Timo Airaksinen (born 25 April 1947 in Vaasa, Finland) is Professor of Moral Philosophy in the Discipline of Social and Moral Philosophy at Helsinki University. By longstanding tradition in the University of Helsinki, the philosophy faculty is divided into two major areas, the practical and the theoretical. He graduated from the University of Turku in 1971 and defended his doctoral dissertation The Hegelianism of Bradley and McTaggart in 1975. He specializes in ethics and social philosophy, ethics of technology, the history of philosophy, and education. He has written on a wide range of topics dealing with these issues, from the thinking of Hobbes to Marquis de Sade.

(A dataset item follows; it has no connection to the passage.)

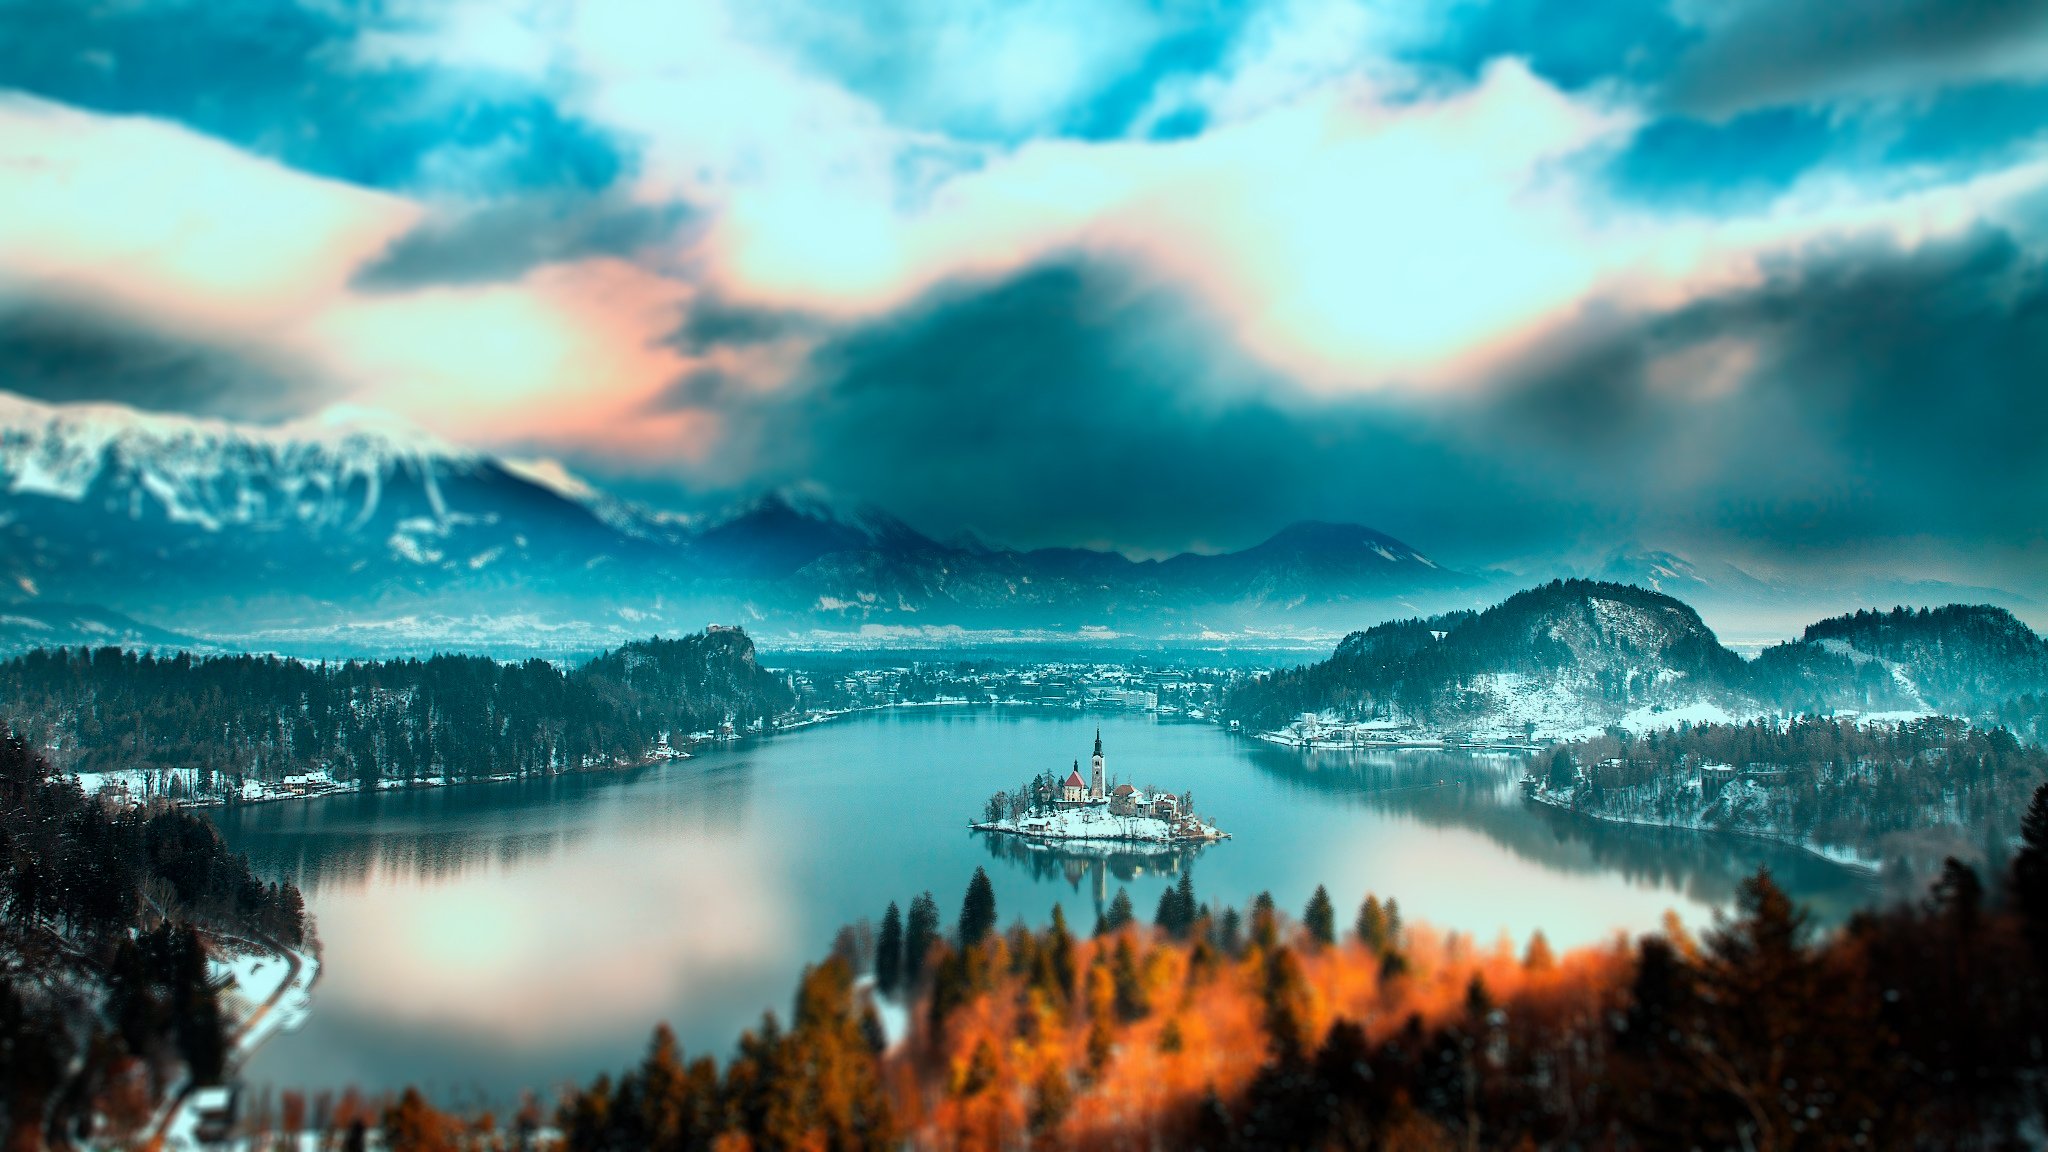 slovenia, Bled, Lake, Slovenia, Lake, Bled, Mountain, Forest, Trees, Island, Church, Home, Lake, Water, Snow, Winter, Sky, Clouds, Landscape, Nature Wallpaper

Airaksinen also regularly contributes to public debate in Finland and has had a column in the newspaper Helsingin Sanomat.

Timo Airaksinen is a member of the editorial boards of the leading Finnish philosophical journal Acta Philosophica Fennica and of the yearbook Berkeley Studies. Also he was the vice-president of the International Berkeley Society.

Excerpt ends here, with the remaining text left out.